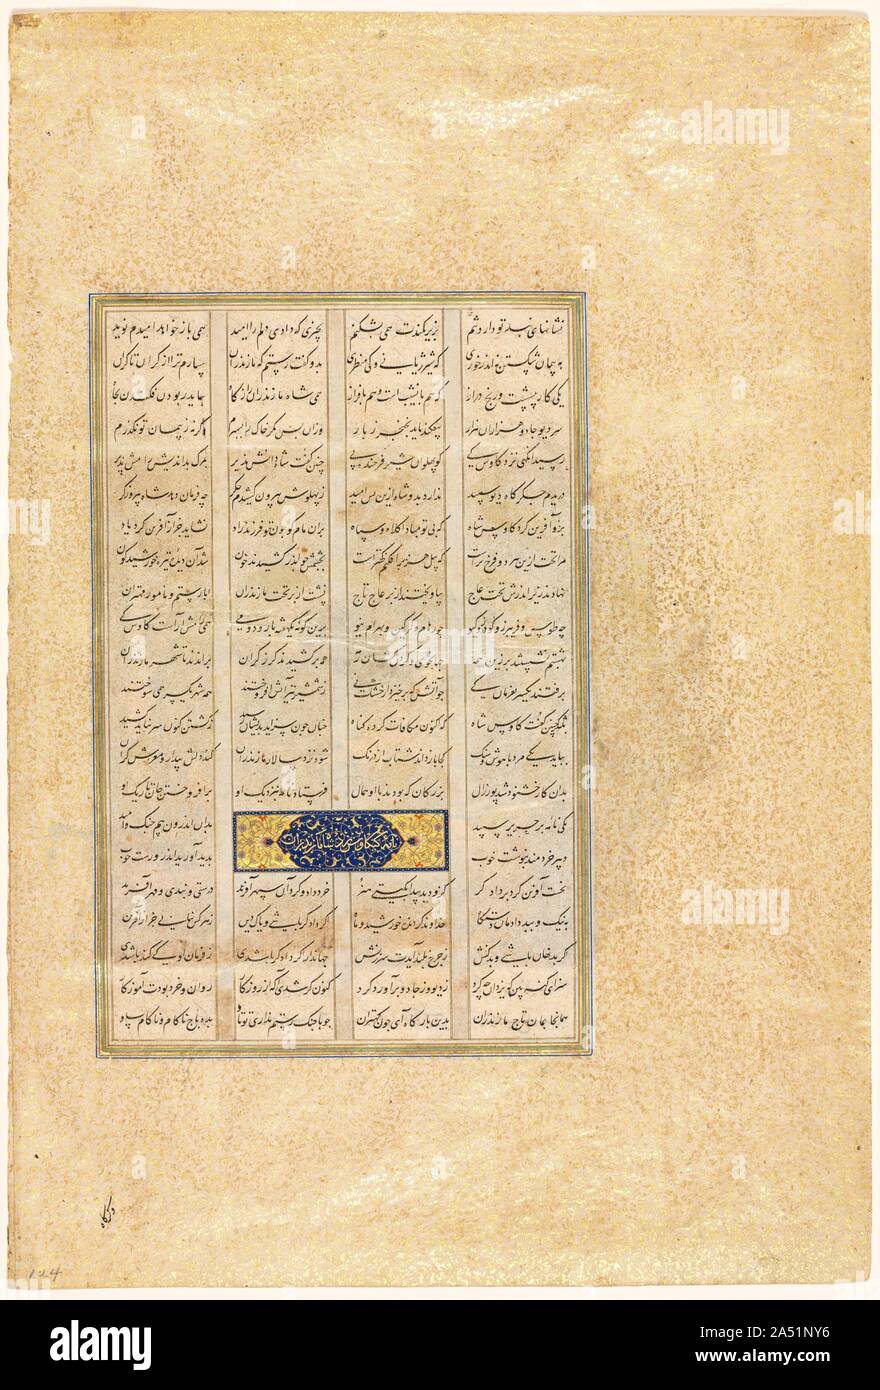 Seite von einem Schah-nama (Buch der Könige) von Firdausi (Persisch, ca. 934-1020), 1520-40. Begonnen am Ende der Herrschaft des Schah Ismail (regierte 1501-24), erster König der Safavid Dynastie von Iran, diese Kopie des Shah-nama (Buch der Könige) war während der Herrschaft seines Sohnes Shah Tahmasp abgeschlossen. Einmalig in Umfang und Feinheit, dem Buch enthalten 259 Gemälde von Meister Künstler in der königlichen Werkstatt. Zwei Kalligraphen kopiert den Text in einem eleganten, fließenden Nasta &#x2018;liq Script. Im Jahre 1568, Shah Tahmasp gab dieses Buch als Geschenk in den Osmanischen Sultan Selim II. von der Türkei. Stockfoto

==

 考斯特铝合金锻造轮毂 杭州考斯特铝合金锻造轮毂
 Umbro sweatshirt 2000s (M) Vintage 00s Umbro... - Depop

...

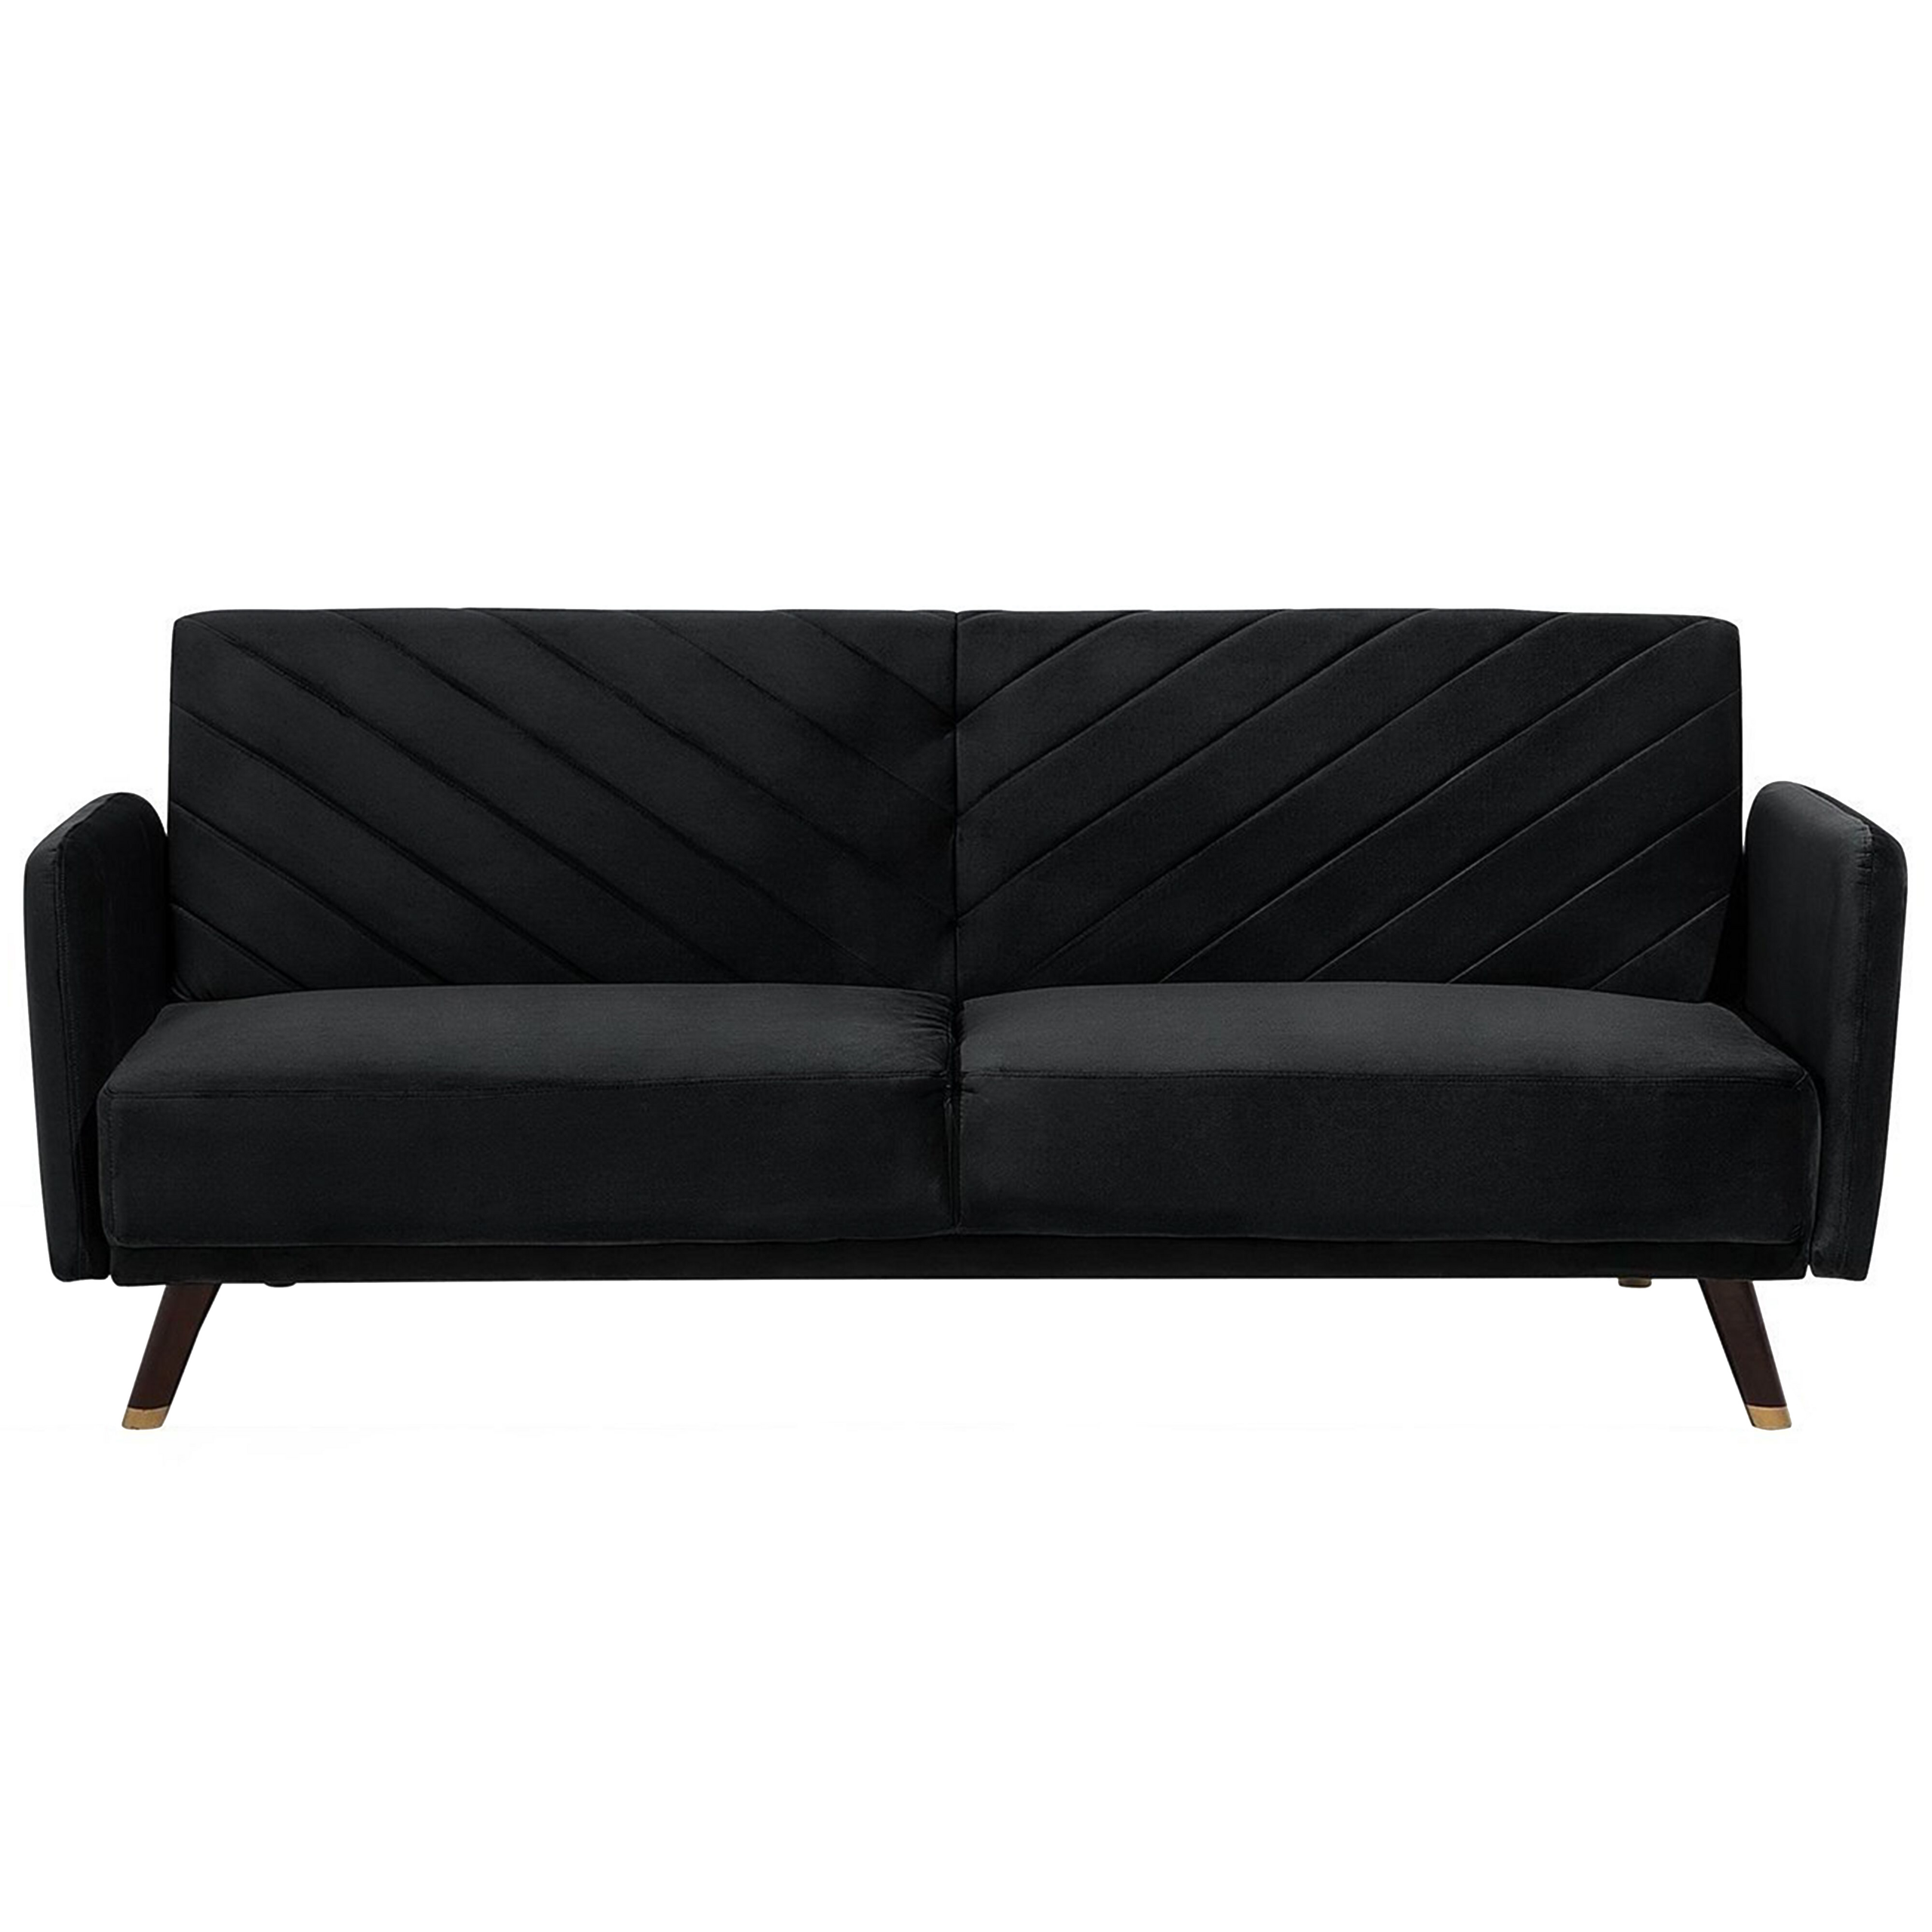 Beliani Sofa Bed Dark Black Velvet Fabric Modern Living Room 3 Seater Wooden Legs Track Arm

● **What this task involves**
Within the material above, transcribe exactly the lines that run from the line holding "考斯特铝合金锻造轮毂 杭州考斯特铝合金锻造轮毂" through the line holding "Umbro sweatshirt 2000s".

● **Reply to the exercise**
 考斯特铝合金锻造轮毂 杭州考斯特铝合金锻造轮毂
 Umbro sweatshirt 2000s (M) Vintage 00s Umbro... - Depop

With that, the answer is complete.